── Available data

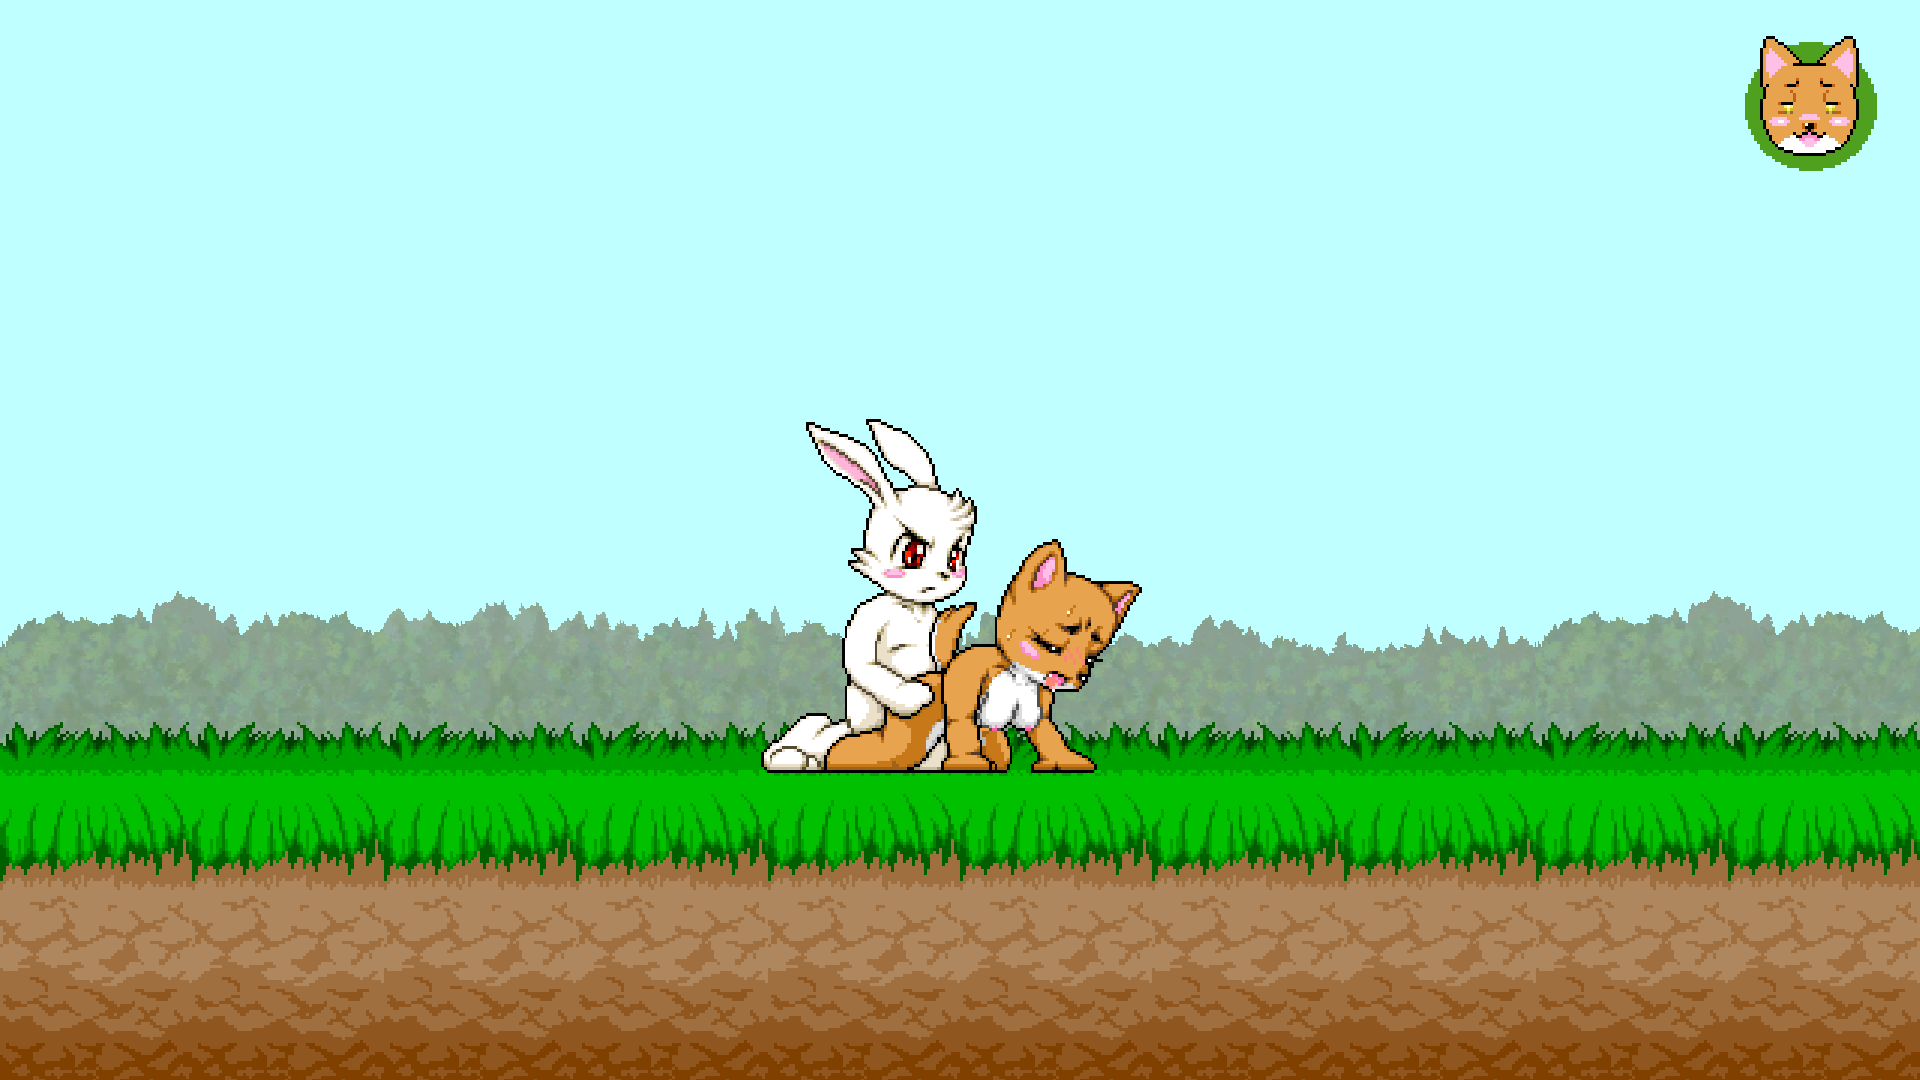 NaughtyRabbitAnimations - free porn game download, adult nsfw games for  free - xplay.me
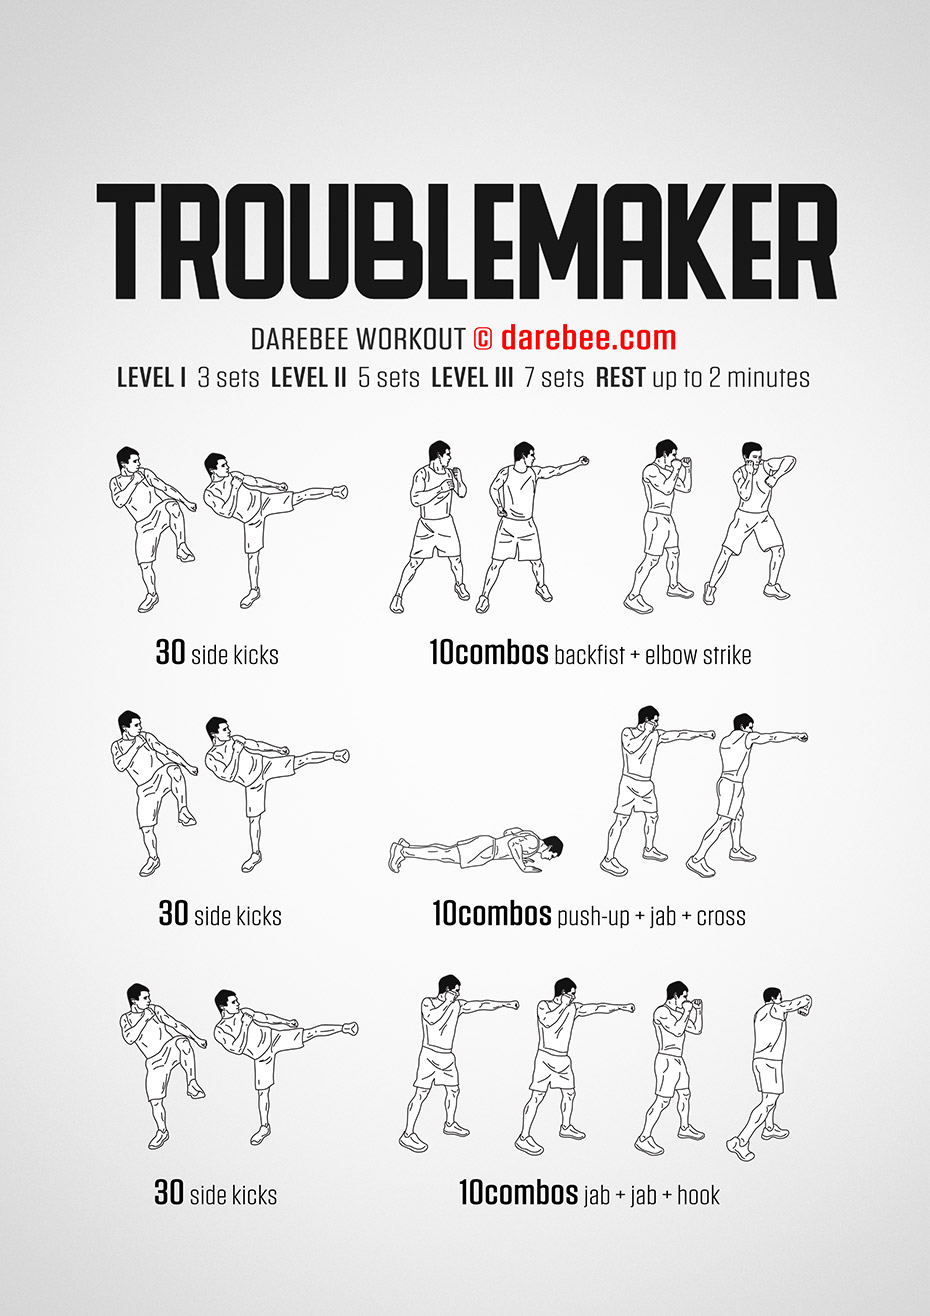 Troublemaker Workout
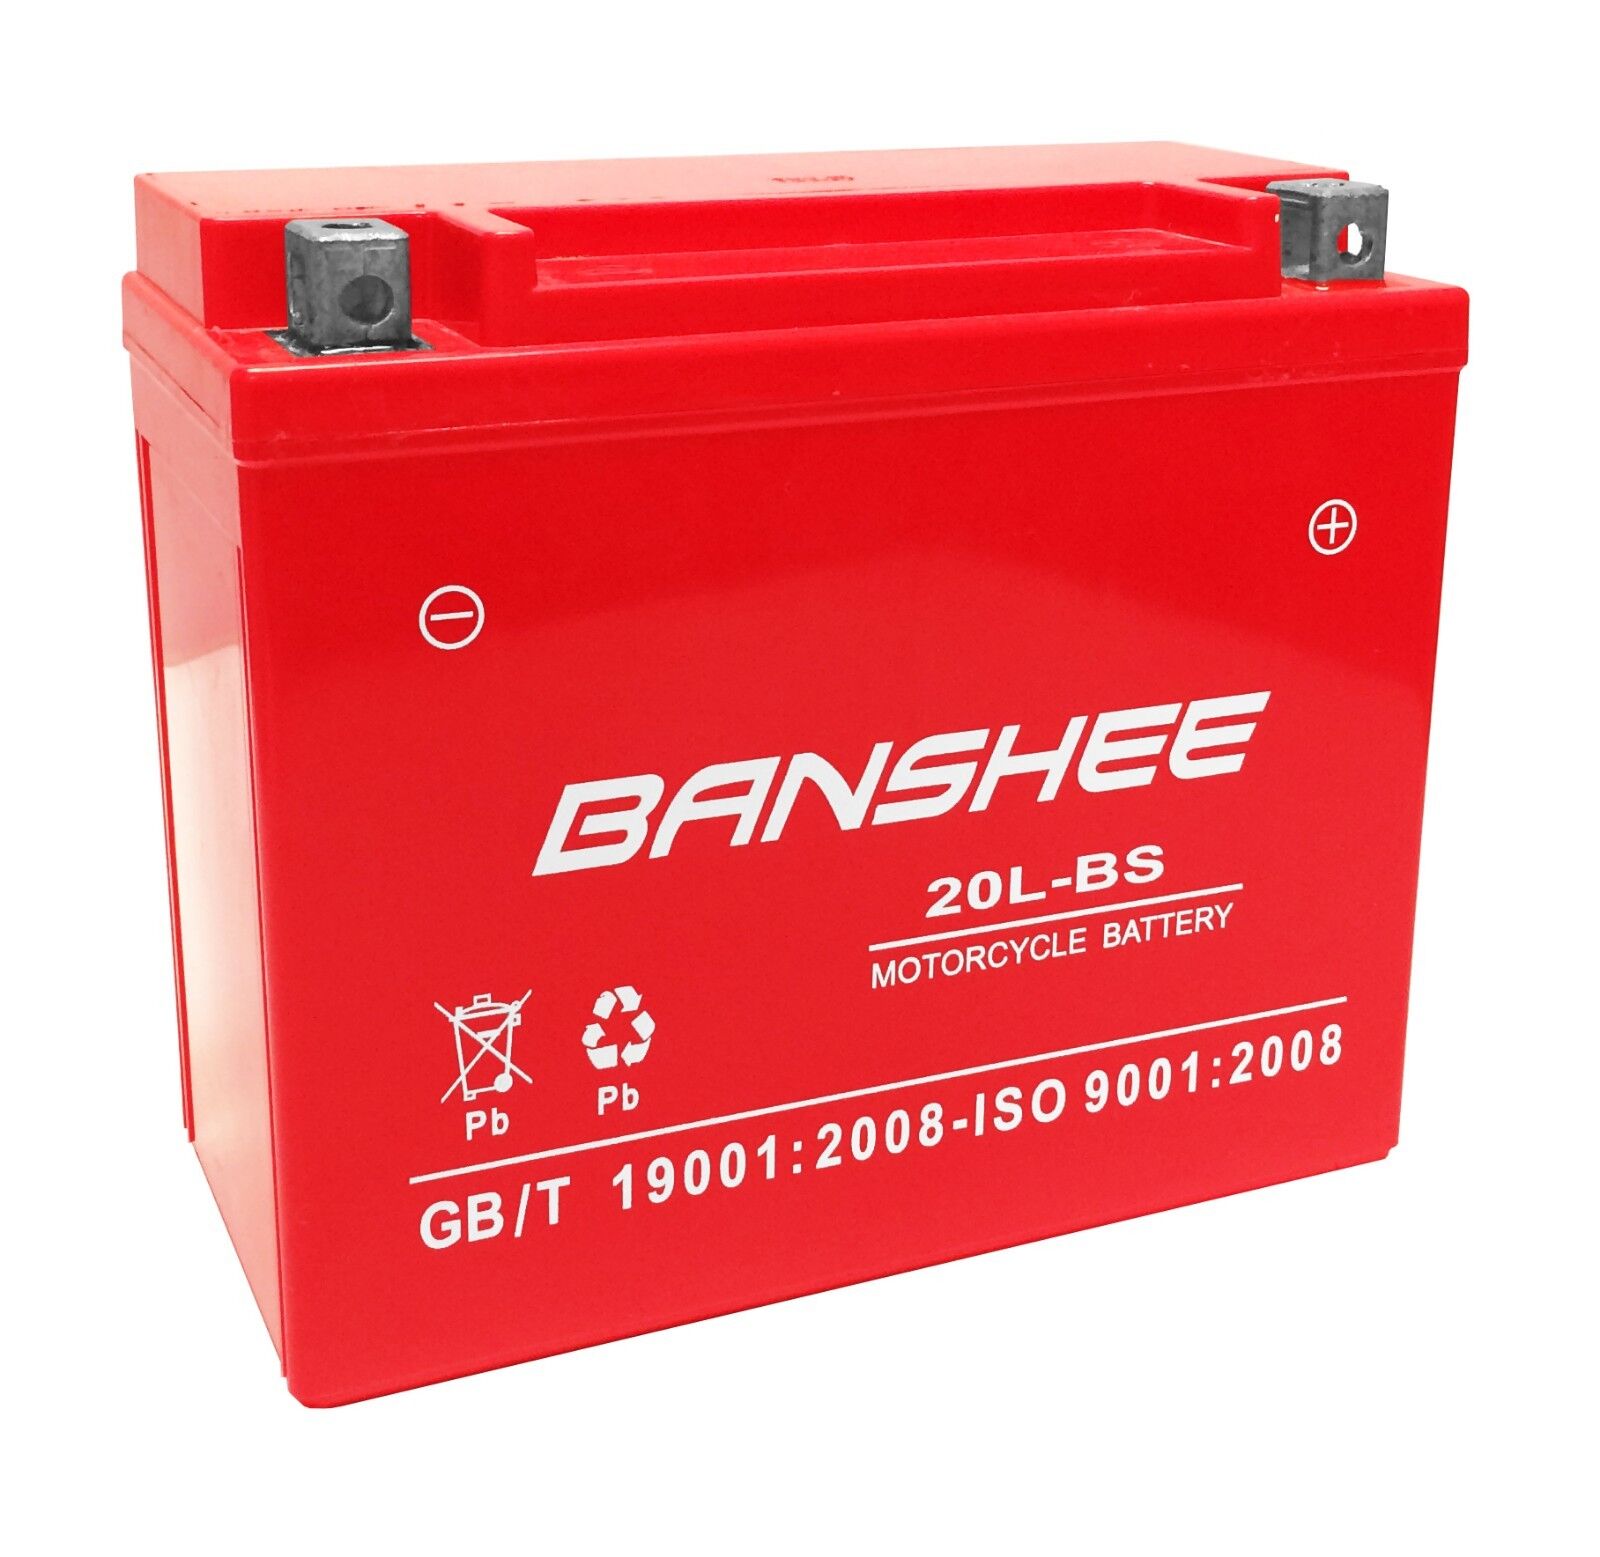 New Harley Davidson Motorcycle Replacement Banshee Battery, 4 Year Warranty
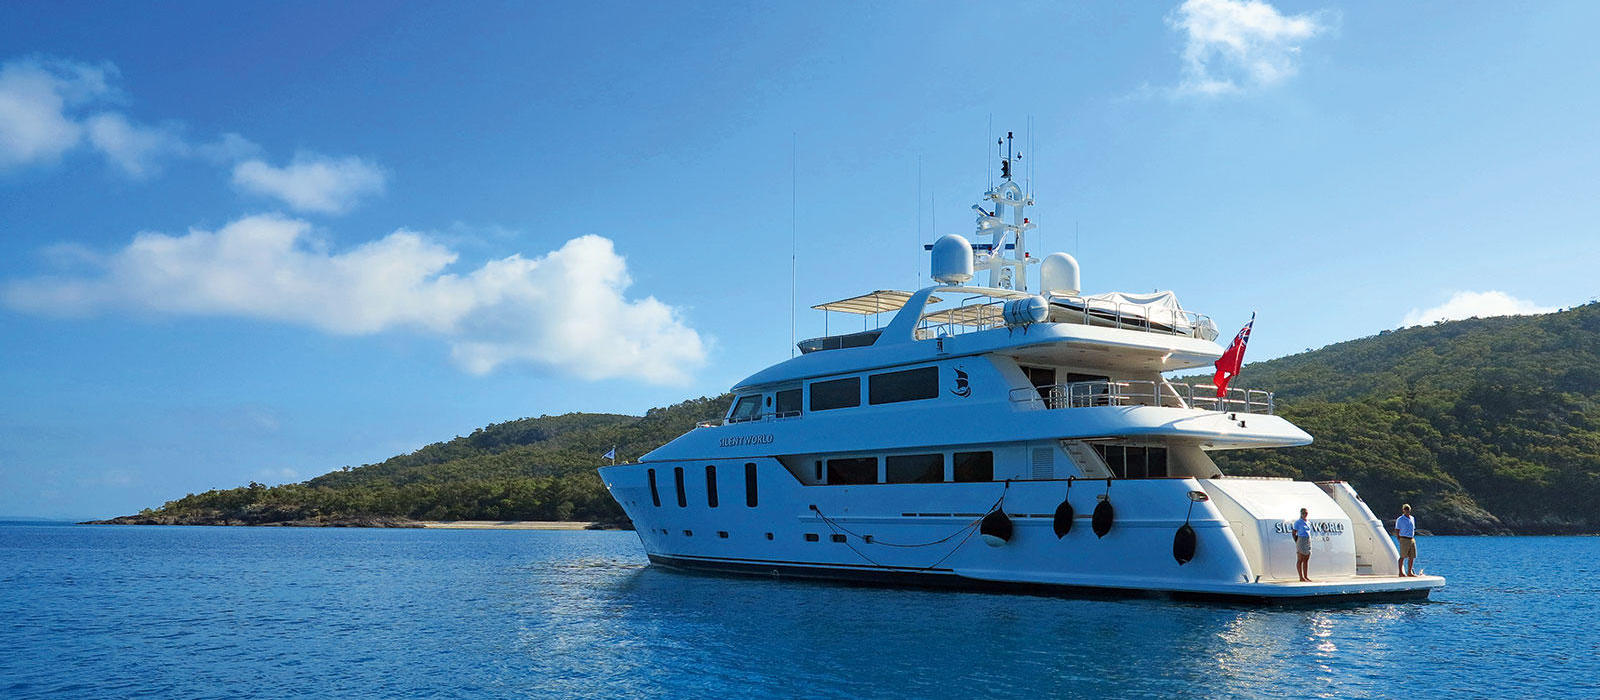 Cruise The Reef On This Super Yacht

────

● **Work request**:
Each line of the listing must be restated word for word, and the pictures left out.

● **Answer for this exercise**:
 NaughtyRabbitAnimations - free porn game download, adult nsfw games for  free - xplay.me
 Troublemaker Workout
 New Harley Davidson Motorcycle Replacement Banshee Battery, 4 Year Warranty
 Cruise The Reef On This Super Yacht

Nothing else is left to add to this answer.